Problem description: In the entries below, find the line with "Liz von Schlegell" and the line with "Craiova a învins"; give again those lines and every line between them, exactly.

Records to process:
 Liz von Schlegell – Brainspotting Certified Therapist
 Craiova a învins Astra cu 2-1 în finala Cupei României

...

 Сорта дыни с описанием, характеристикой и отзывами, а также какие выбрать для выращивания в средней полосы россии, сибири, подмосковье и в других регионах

* * *

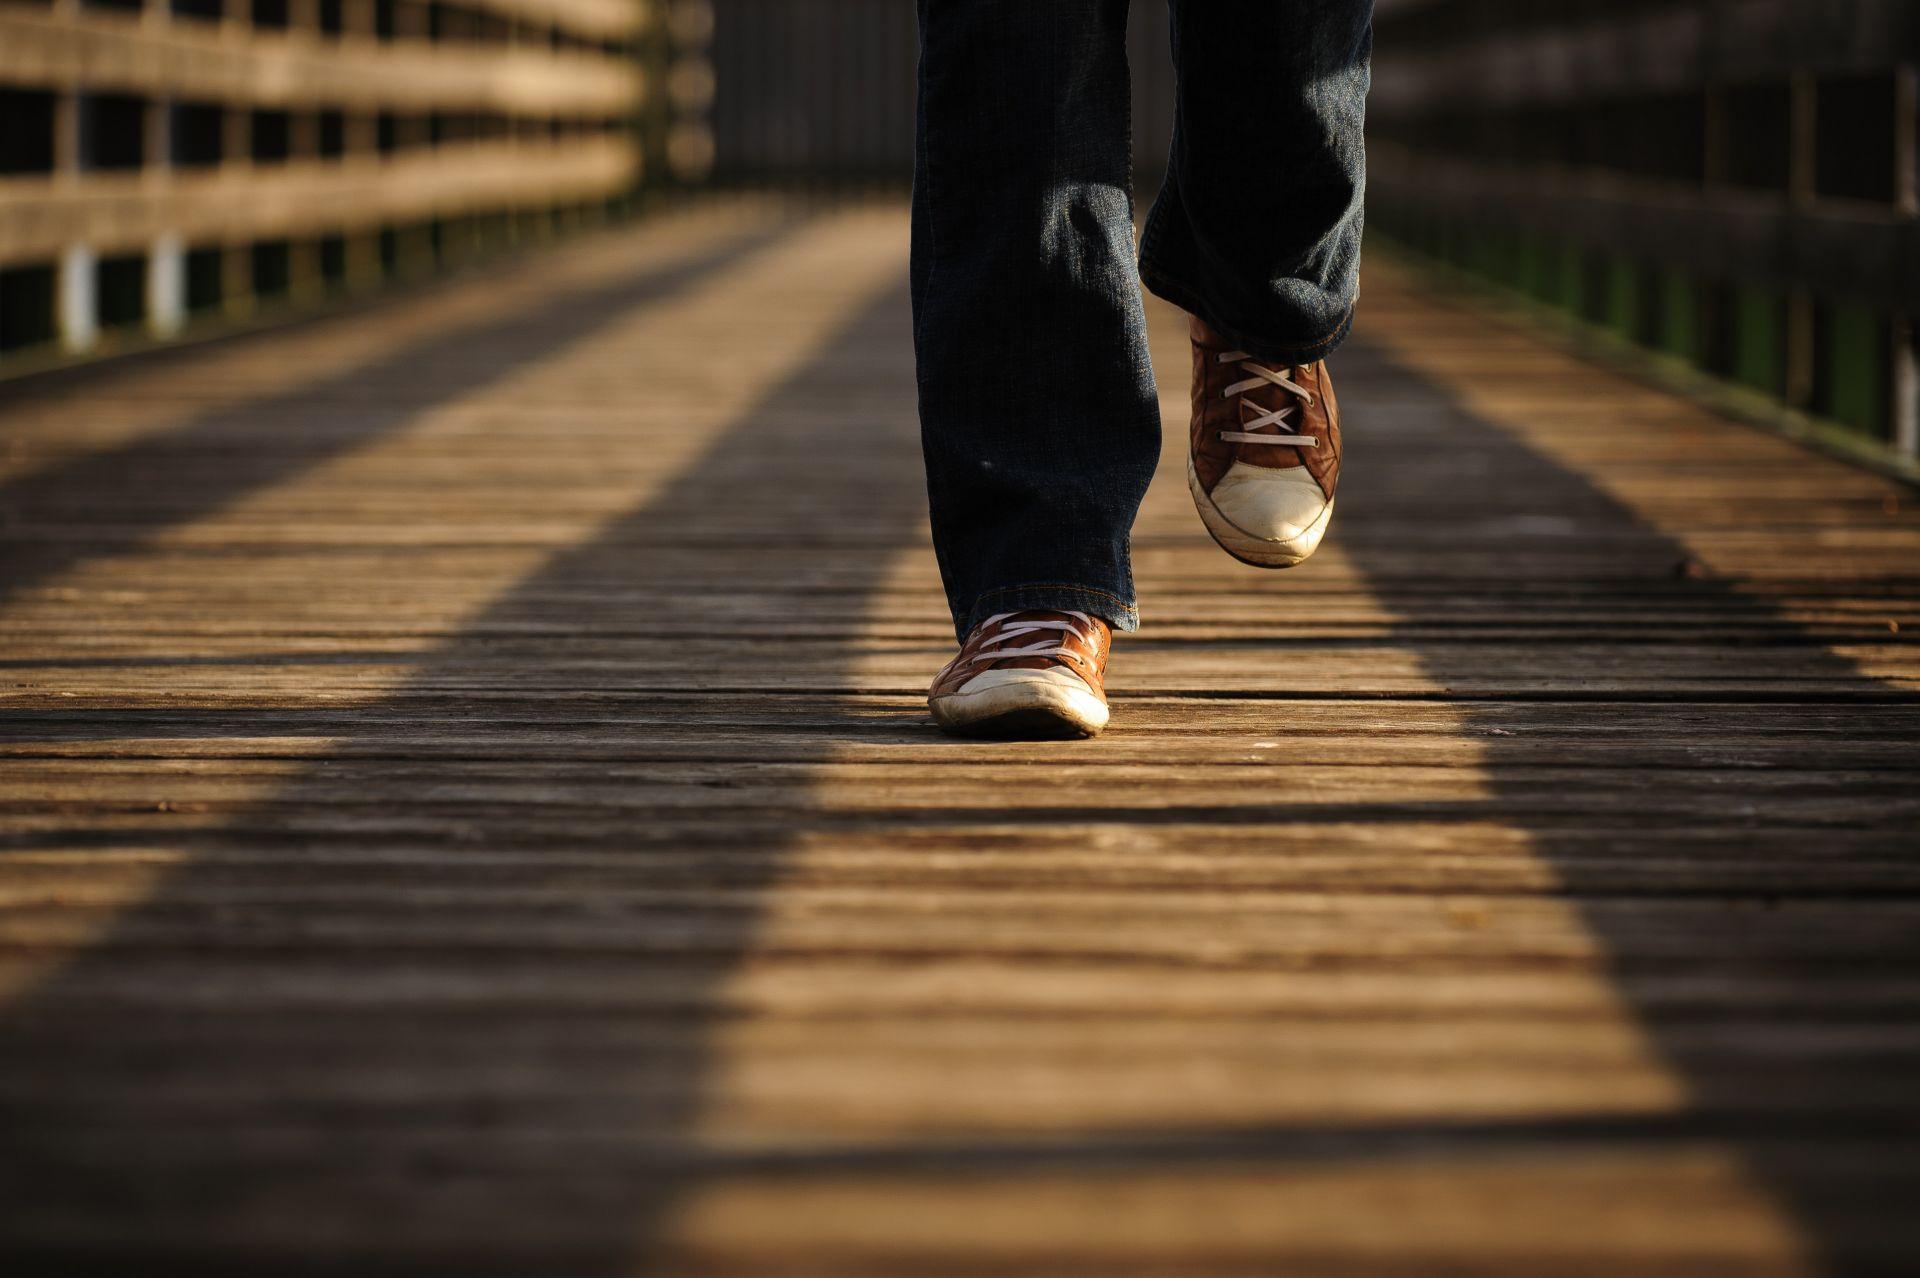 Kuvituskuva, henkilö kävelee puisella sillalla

Response:
 Liz von Schlegell – Brainspotting Certified Therapist
 Craiova a învins Astra cu 2-1 în finala Cupei României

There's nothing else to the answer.